Aller au contenu principal

Dimanche 31 mars 2024 – Résurrection du Seigneur – Jean 20,1-9 

Les mots résurrection et ressusciter ne se trouvent pas dans les Évangiles. Le substantif est une invention du latin chrétien, dans la seconde partie du deuxième siècle ; quant au verbe, il a le sens en latin classique de se relever, se rétablir, se redresser, se ranimer, reprendre sa force, sa puissance.

Dans les langues modernes, les termes, à la suite du latin, n’ont quasiment qu’un sens chrétien de sorte qu’ils deviennent des mots techniques. C’est si vrai que ce sont alors deux racines grecques qui se cachent derrière leur emploi, se réveiller ou se lever. Preuve de ce sens technique : dès le latin, on ne traduit pas systématiquement se lever par ressusciter ! Sous prétexte que ceux qui ont été relevés ou réveillés par Jésus mourront un jour et définitivement, on fait entendre catéchétiquement la différence avec la résurrection jusqu’à tuer la sève évangélique.

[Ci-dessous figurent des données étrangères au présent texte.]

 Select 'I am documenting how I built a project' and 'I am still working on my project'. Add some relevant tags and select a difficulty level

La métaphore est morte, ainsi que dirait Ricœur. Pour la réveiller ‑ c’est le cas de le dire ! – certains traduisent résurrection par insurrection, soulèvement qui renverse autant qu’il met debout, rétablit ce qui était sens-dessus-dessous dans le « bon » sens, remet les choses en place selon l’amour de Dieu. Même en l’absence du mot, c’est ce qu’on entend dans le Cantique de Marie : « Il renverse les puissants de leur trône, il élève les humbles. »

Bien qu’elle ait lieu dans l’histoire des humains, la résurrection n’est pas un fait historique, observable. Elle est une confession de foi, c’est-à-dire une manière de voir ce que nous vivons, de comprendre ce qui nous arrive. Elle n’est pas plus d’hier que de demain, mais aujourd’hui, non pas gain du ciel et évitement de l’enfer, mais amitié dans l’instant. Elle ne se dit pas comme les faits mais comme Dieu dont elle est le nom : « Je suis la résurrection et la vie. » Pour la dire, il faut un traité des noms divins et non l’appareil de l’observation et de la description ; la croire ouvre les yeux : Nisi credideritis, non intelligetis.

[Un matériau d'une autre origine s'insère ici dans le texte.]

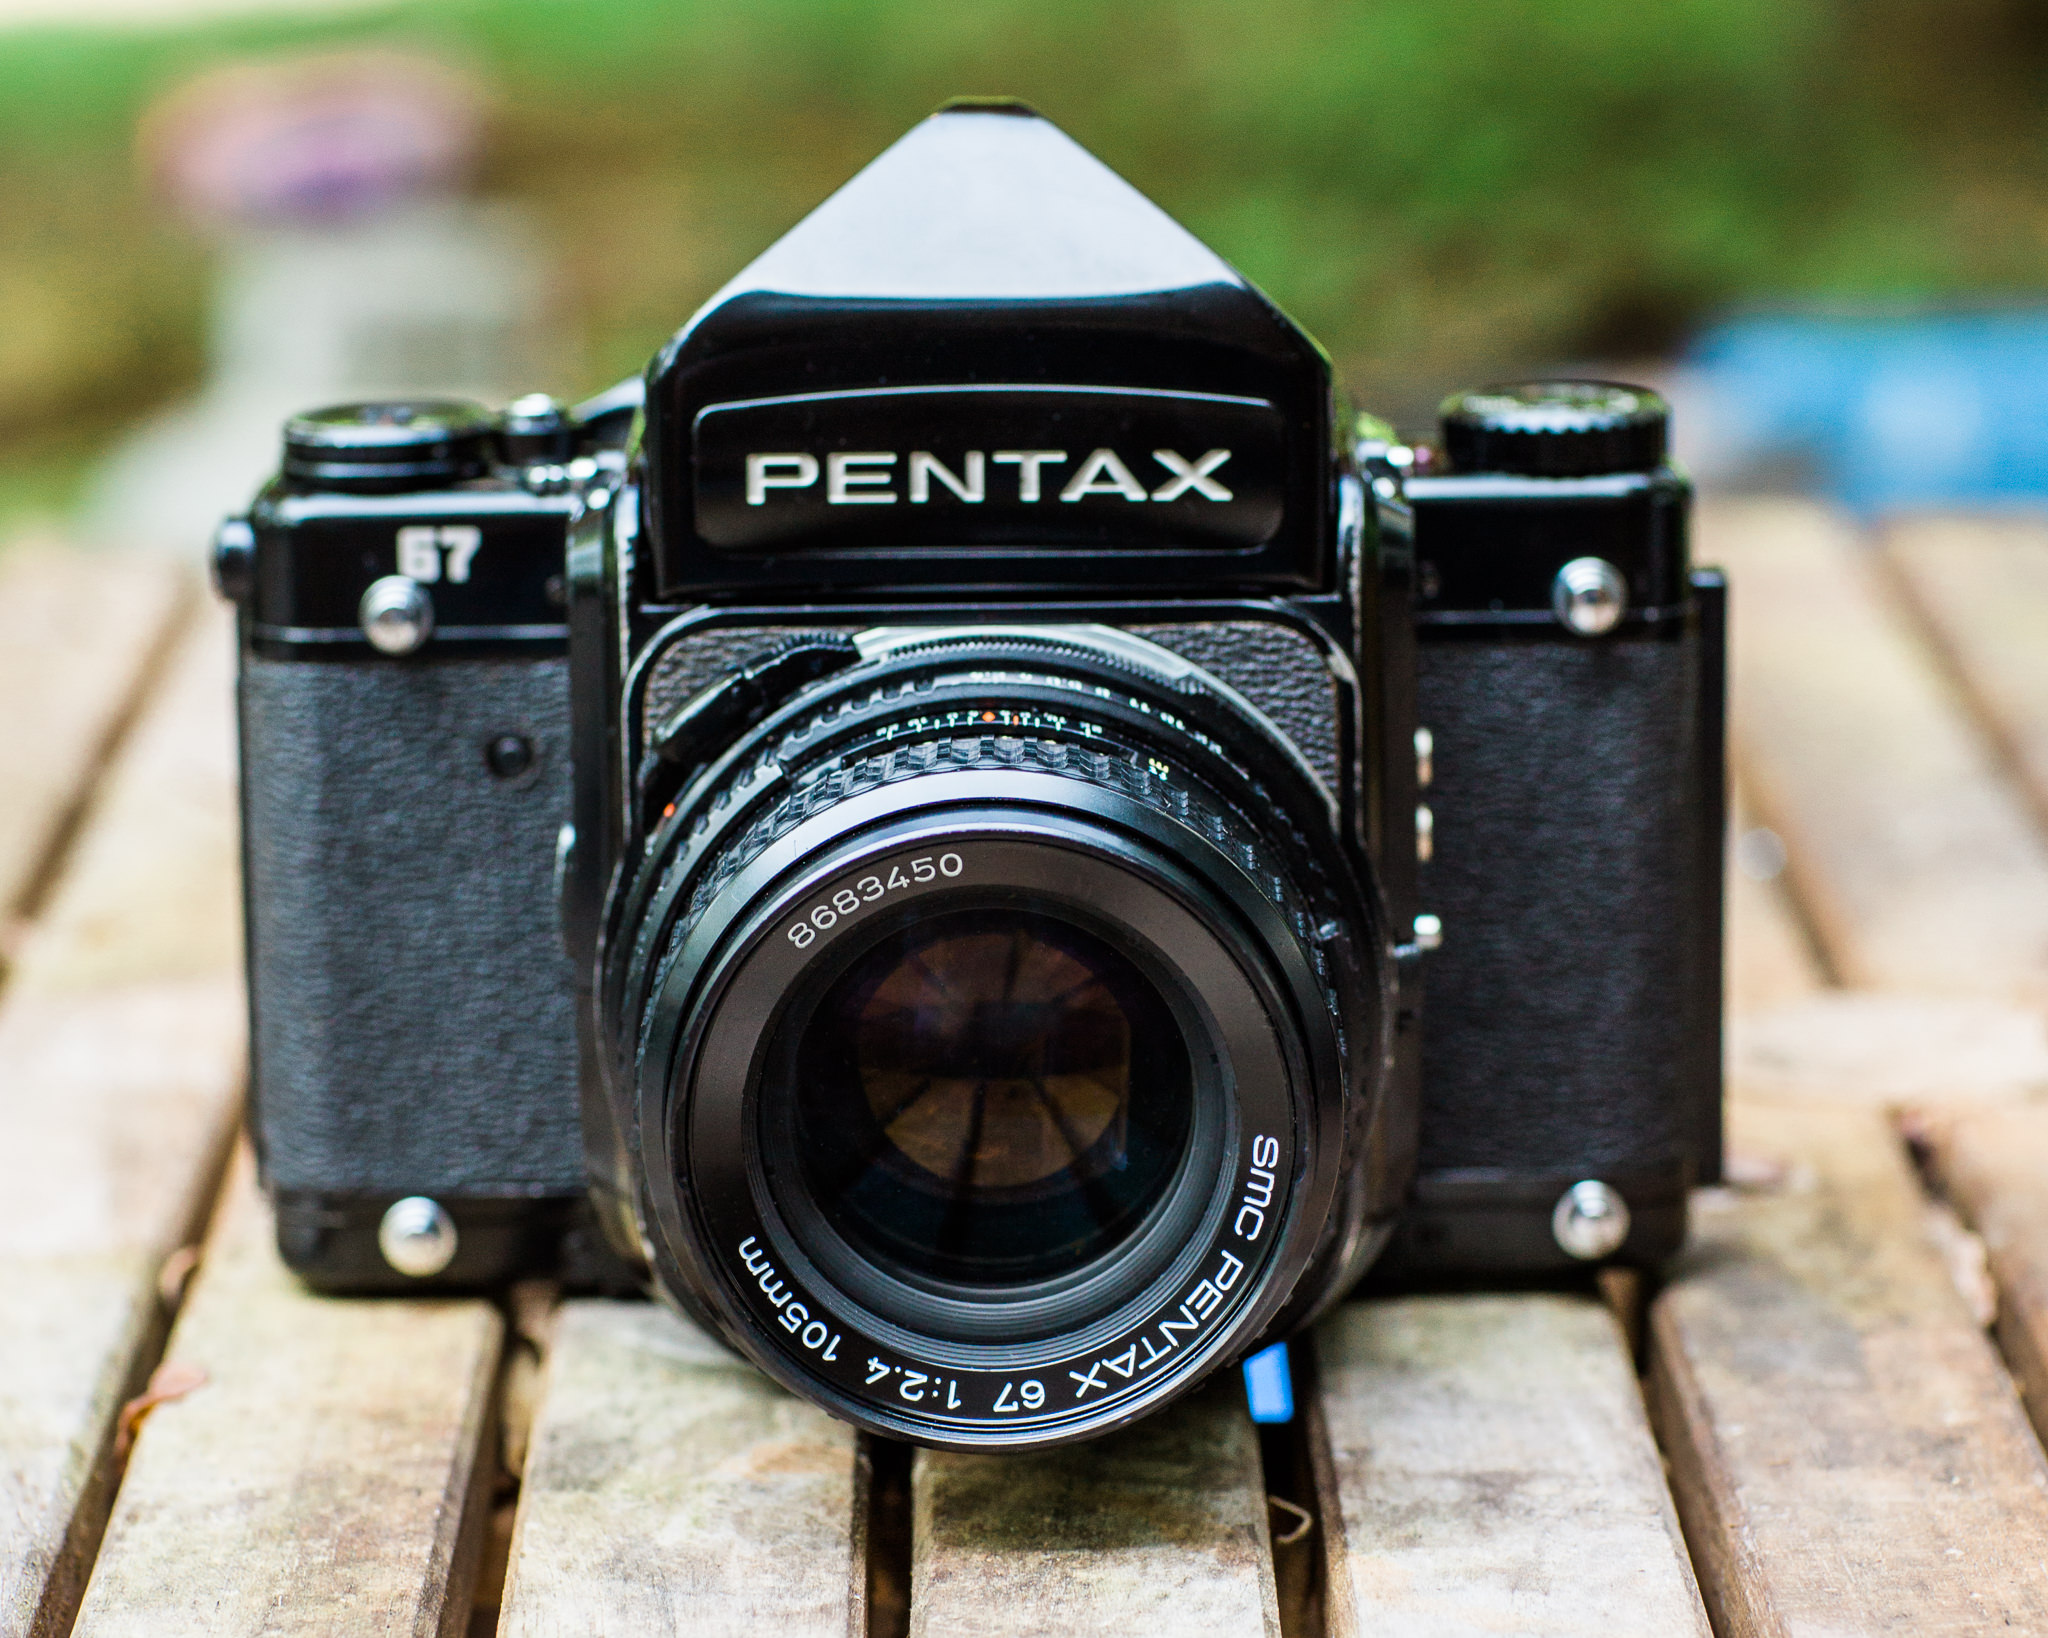 How Can I Tell the Differences Between the Pentax 105mm f/2.4 Lens

L’expérience du soulèvement, faire se lever qui gît, abattu, est aujourd’hui comme hier commune, pour peu que l’on visite ceux qui « habitent les ténèbres » ou que l’on demeure soi-même dans « l’ombre de la mort ». Où voir la résurrection sinon près des tombeaux ? Des personnes se redressent autant qu’elles sont relevées. Aucun miracle ‑ la mort encore – mais…

« Je n’ai pas de connaissance. J’ai juste une expérience personnelle, particulière du lever du jour. Il a pour moi une importance absolument considérable. Il signe la capacité, la nécessité de continuer de croire. Cela a à voir avec la création, séparer le jour, la nuit. Je ne suis pas optimiste. C’est d’un autre ordre. Je ne crois pas, fondamentalement que les choses s’arrêtent où l’on croit qu’elles s’arrêtent. La mort n’est pas plus forte que la vie. C’est ma foi, c’est très fort chez moi. D’avoir écouté autant de souffrances m’a permis vraisemblablement de me laisser guider par toutes ces personnes. Si j’ai pu me laisser guider, c’est que moi-même j’ai été écoutée dans le lieu de ma souffrance, profondément, en vérité. C’est quelque chose que je reconnais très fort. On ne naît à soi-même qu’aussi à travers la parole qu’on a pu oser dire à quelqu’un d’autre, oser à quelqu’un d’autre, au bon endroit au bon moment, et qu’elle a été écoutée et reçue. Je suis entraînée sur ce chemin-là d’écouter à mon tour et d’essayer d’aller avec la personne là où la mort n’a pas le dernier mot. » (Isabelle Le Bourgeois)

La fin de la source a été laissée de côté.